◆ TASK BRIEF
Copy the material below verbatim from the line with "Antonov AN-26, Hungarian" to the line with "Subaru Forester Unit-egi", both lines included, omitting pictures and every line outside that range.

◆ RECORD SET

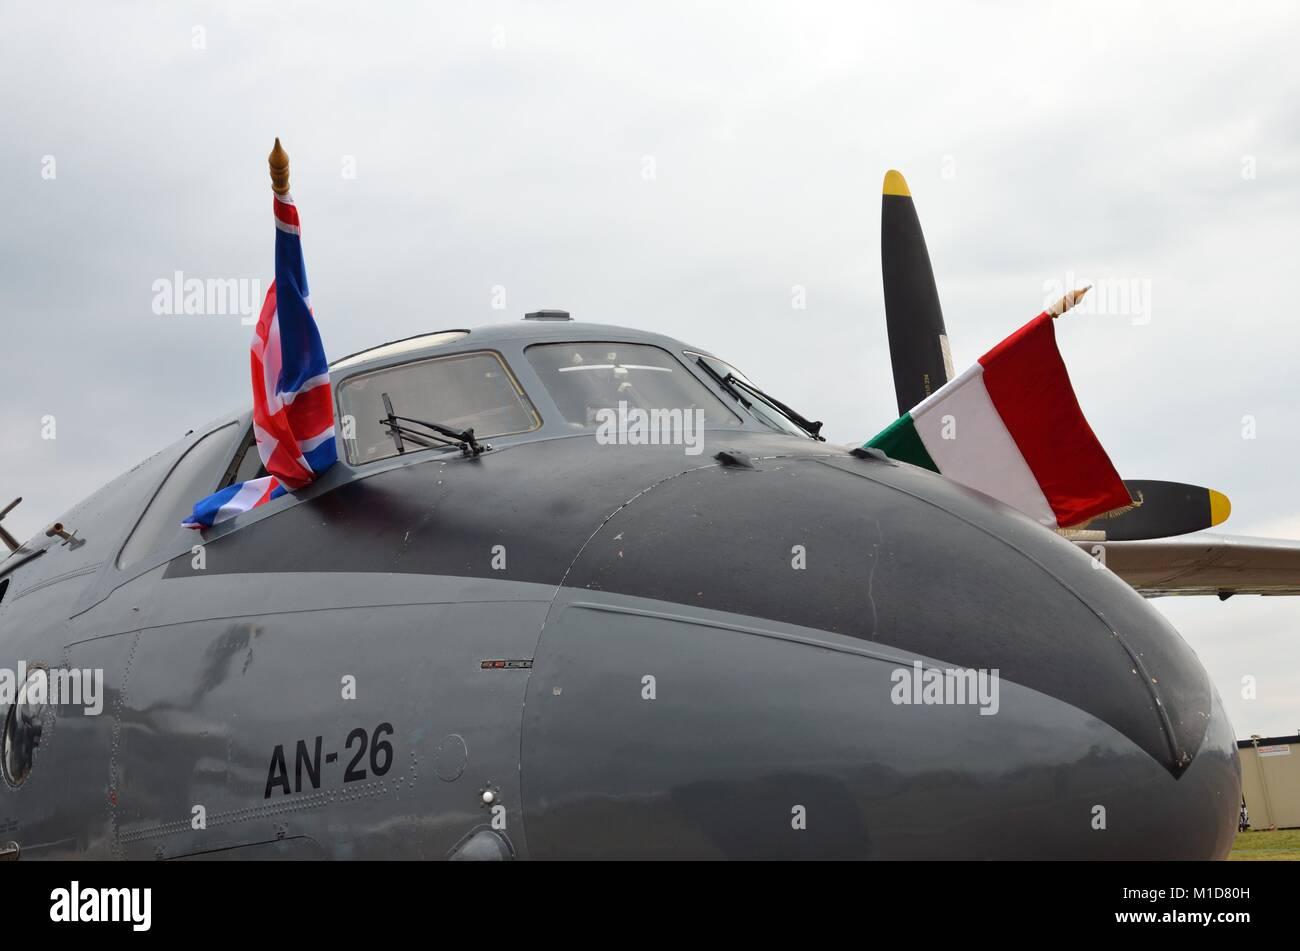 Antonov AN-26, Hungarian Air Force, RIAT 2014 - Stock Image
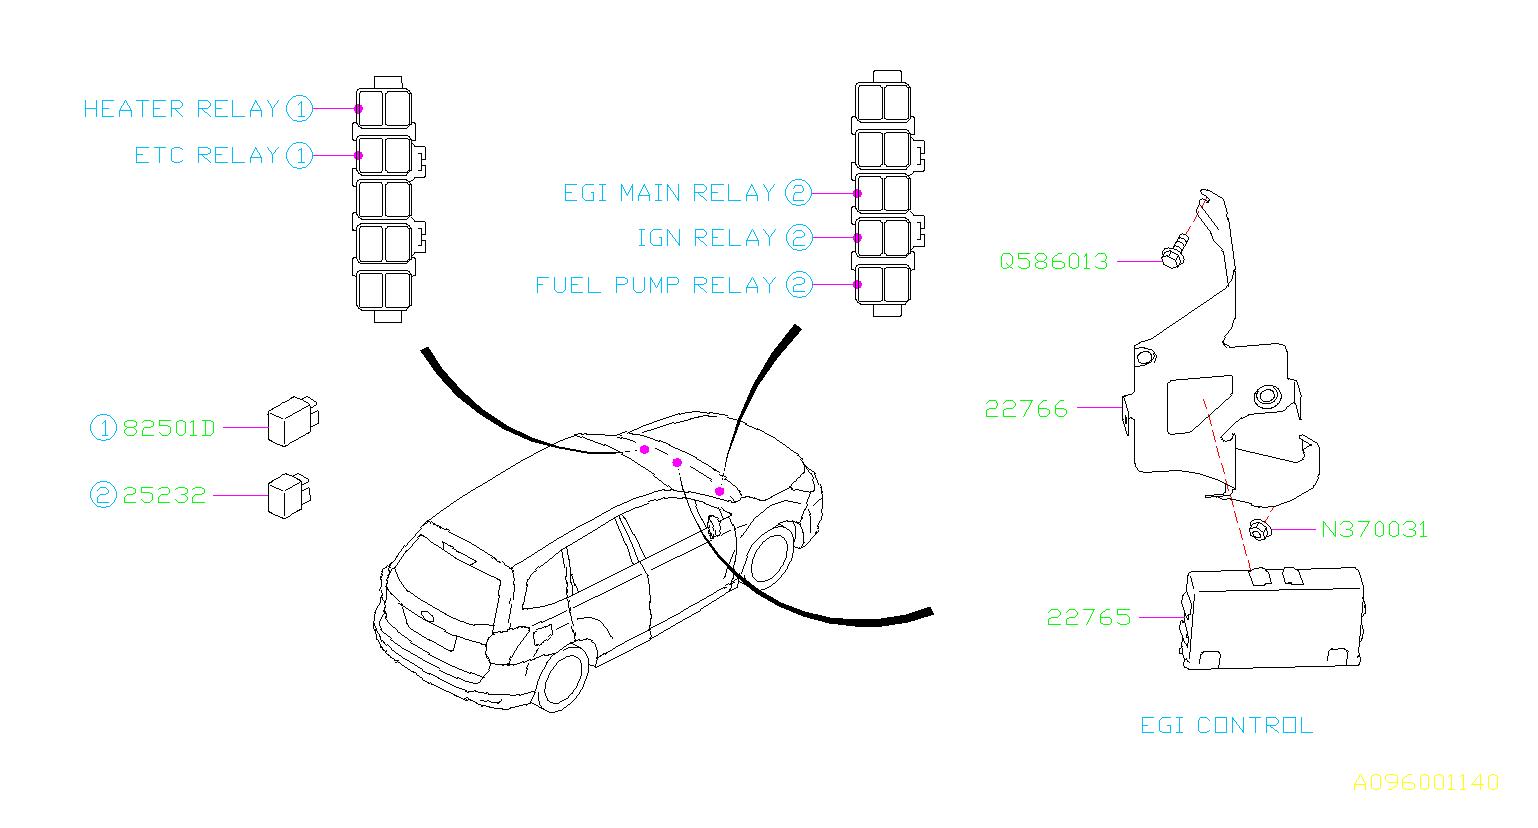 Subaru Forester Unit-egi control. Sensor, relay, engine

---

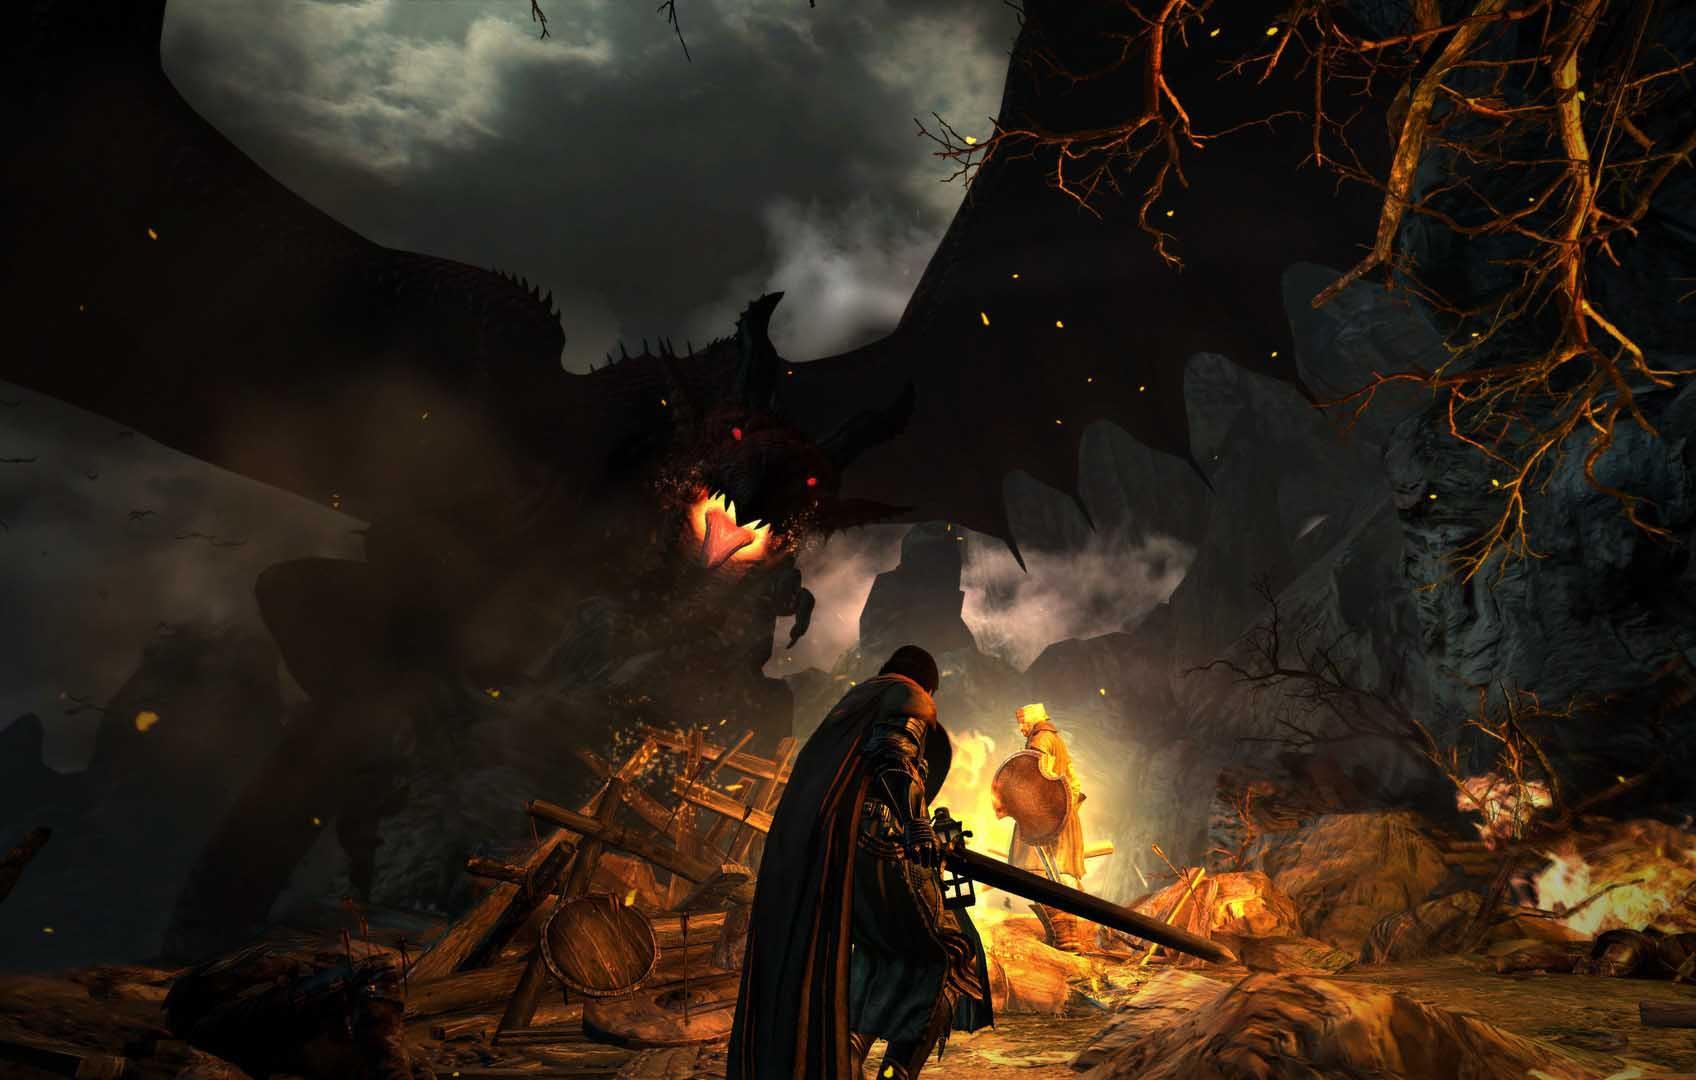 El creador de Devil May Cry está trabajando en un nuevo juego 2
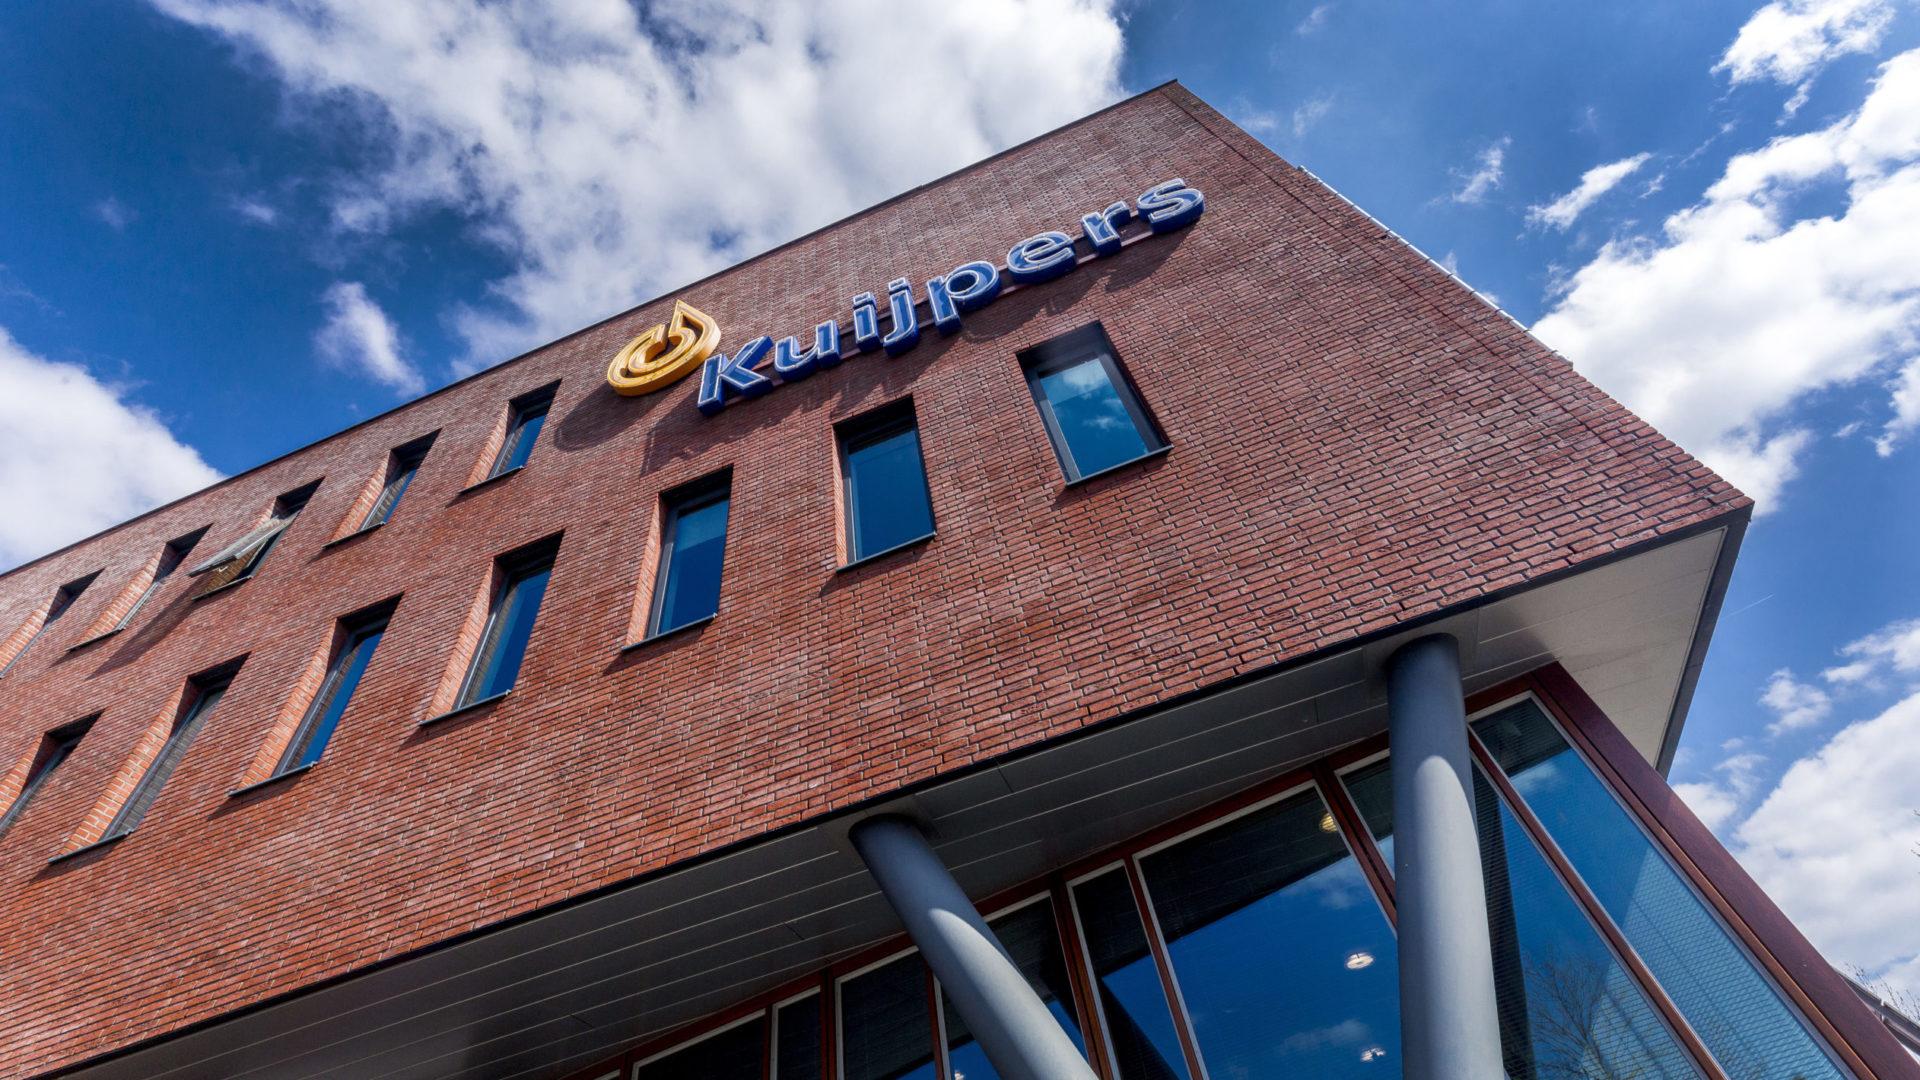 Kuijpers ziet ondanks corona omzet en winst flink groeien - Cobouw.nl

◆ ANSWER TO THE EXERCISE
 Antonov AN-26, Hungarian Air Force, RIAT 2014 - Stock Image
 Subaru Forester Unit-egi control. Sensor, relay, engine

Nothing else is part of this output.